# Saving in Animal Crossing



## Jeremy (Aug 15, 2007)

Hopefully in Animal Crossing Wii it can be anywhere without that room.  I dunno, am I the only one who doesn't like it?


----------



## Bulerias (Aug 15, 2007)

I definitely agree.  Save anywhere, but without that stupid room at the top floor.


----------



## JJH (Aug 15, 2007)

Like you both, a combined system would be better than either, but if I had to pick I'd chose AC:WW.


----------



## Propaganda Man (Aug 15, 2007)

I want the gyroid


----------



## Nate (Aug 15, 2007)

I liked how you could save anywhere in ACWW, but I disliked that you couldn't continue afterward. You had to go back to the title screen and continue.


----------



## .bored (Aug 16, 2007)

The room is stupid. I don't like starting at the house.


----------



## WailmerBoy1023 (Aug 16, 2007)

There's nothing wrong with the room. I mean, it's not like there still wasn't more furniture room than the GCN version. IMO, they should return the room, but also give you some furniture space. :yes:


----------



## RaiK (Aug 16, 2007)

I like how you can save anywhere.  So what if it takes up one room?  You still have 5 more! XD

In AC, there was no wasted room, but you only had 3.


----------



## dogs rule (Oct 2, 2007)

Can save anywhere, but it also takes up a whole room because it saves time


----------



## Hero of Pyrite Town (Oct 2, 2007)

In AC You get four rooms.....Three in your house, and the beach house...


----------



## bfexplore (Oct 2, 2007)

I don't like the Room. I like saving anywhere but i don't like going to the gyroide. I had to pick the AC:GC one.


----------



## Micah (Oct 3, 2007)

I like being able to save anywhere but I miss your personal Gyroid.


----------



## dogs rule (Oct 4, 2007)

Koehler said:
			
		

> I like being able to save anywhere but I miss your personal Gyroid.
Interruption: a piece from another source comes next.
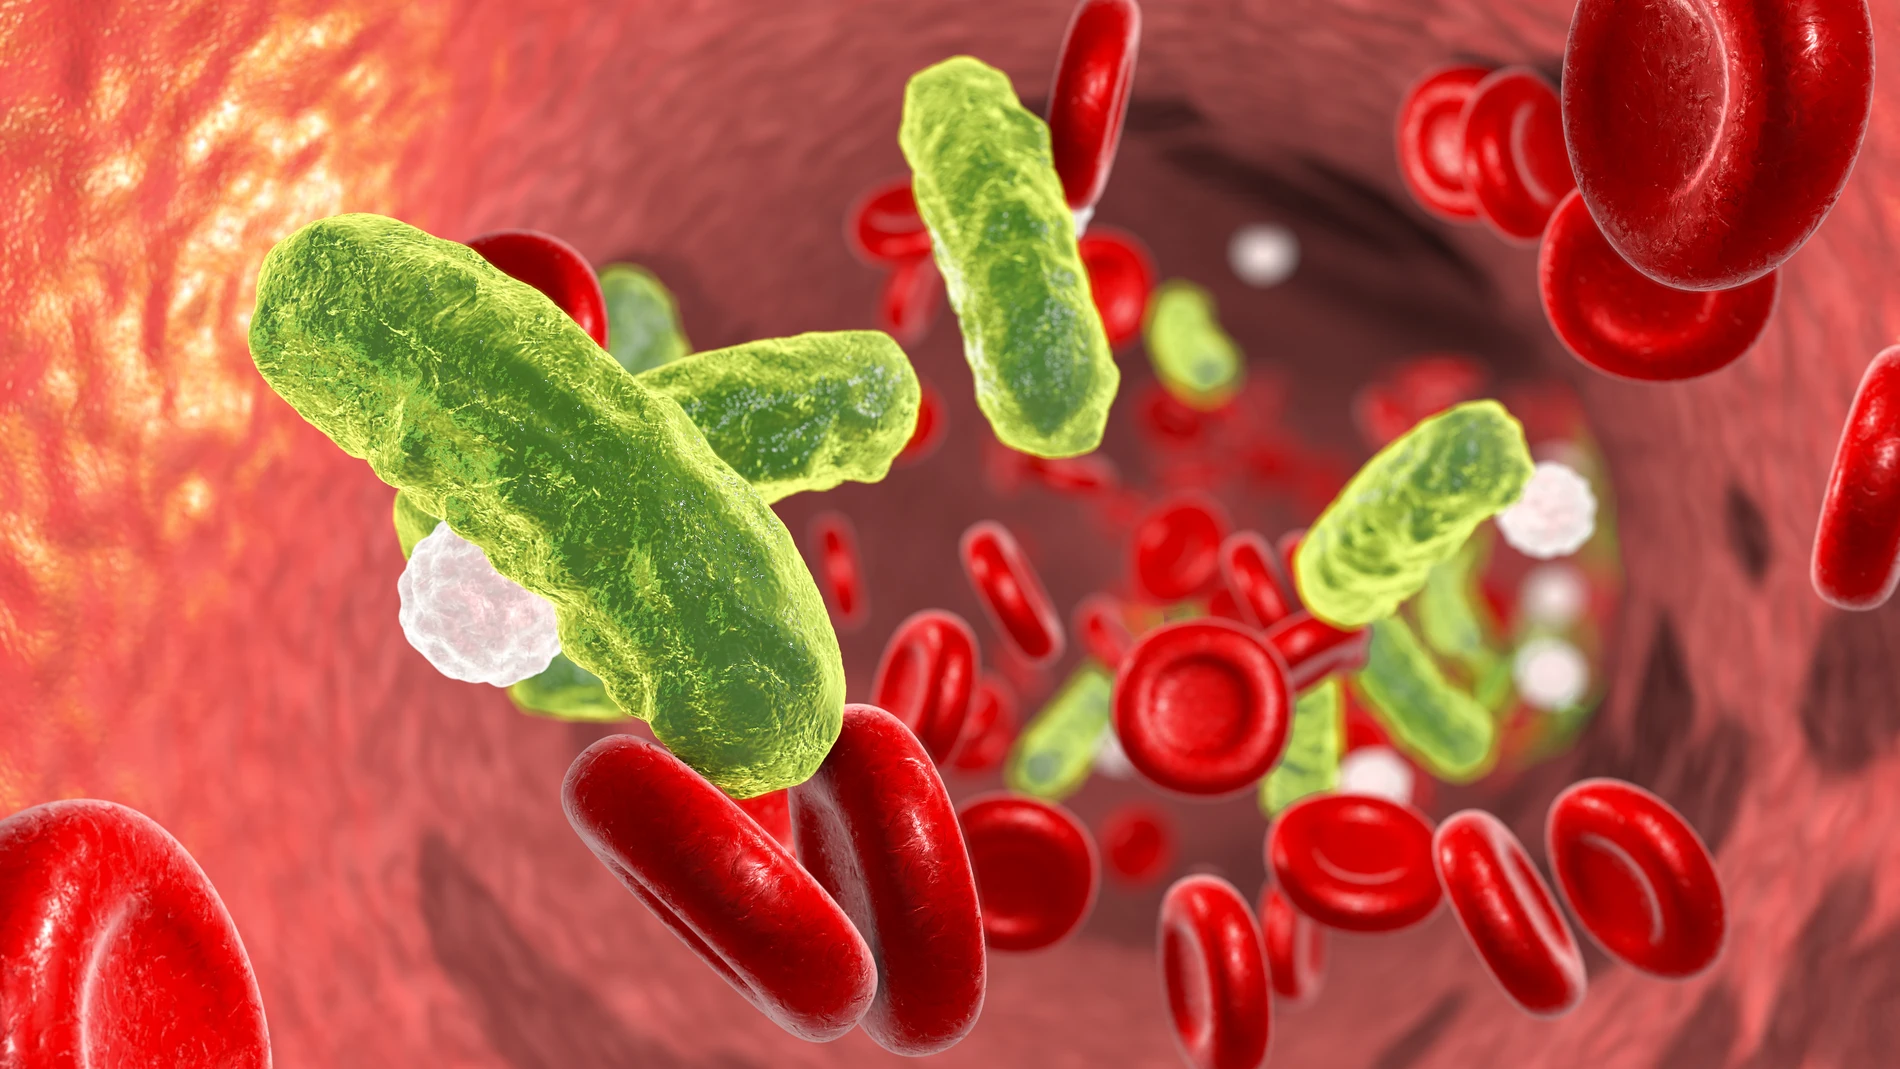 La septicemia es una infección producida por microorganismos patógenos en la sangre

 you know what they should do they should let you save anywhere but also let you keep the gyroid in front of your hose for storage and sale.


----------



## Freezy Toad (Oct 5, 2007)

The room never bothered me.  I just didn't bother going to it.  I mean is it that hard to not go to it >_> 

Also, saving anywhere was cool and all, but you couldn't save and quit    			  I'd like the gyroid to return :gyroidveryhappy:


----------



## mmmatlock (Jun 22, 2009)

(ACWW) Can save anywhere, but it also takes up a whole room!


----------



## Ricano (Jun 22, 2009)

mmmatlock said:
			
		

> (ACWW) Can save anywhere, but it also takes up a whole room!


stop ur bumping alrdy


----------



## melly (Jun 22, 2009)

the room is useless, but its nice to save anywhere
however, everyone misses the lil personal gryoid


----------



## Cottonball (Jun 22, 2009)

I don't like that you can't change the wallpaper and flooring in your "bedroom" in animal crossing xD


----------



## kenziegirl (Jun 22, 2009)

ww saves time when you can save any were


----------



## Rockman! (Jun 22, 2009)

Who bumped this?


----------



## Garrett x50 cal (Jun 22, 2009)

holy *censored.2.0*.


----------



## easpa (Jul 12, 2009)

Animal Crossing Wild World's save anywhere.


----------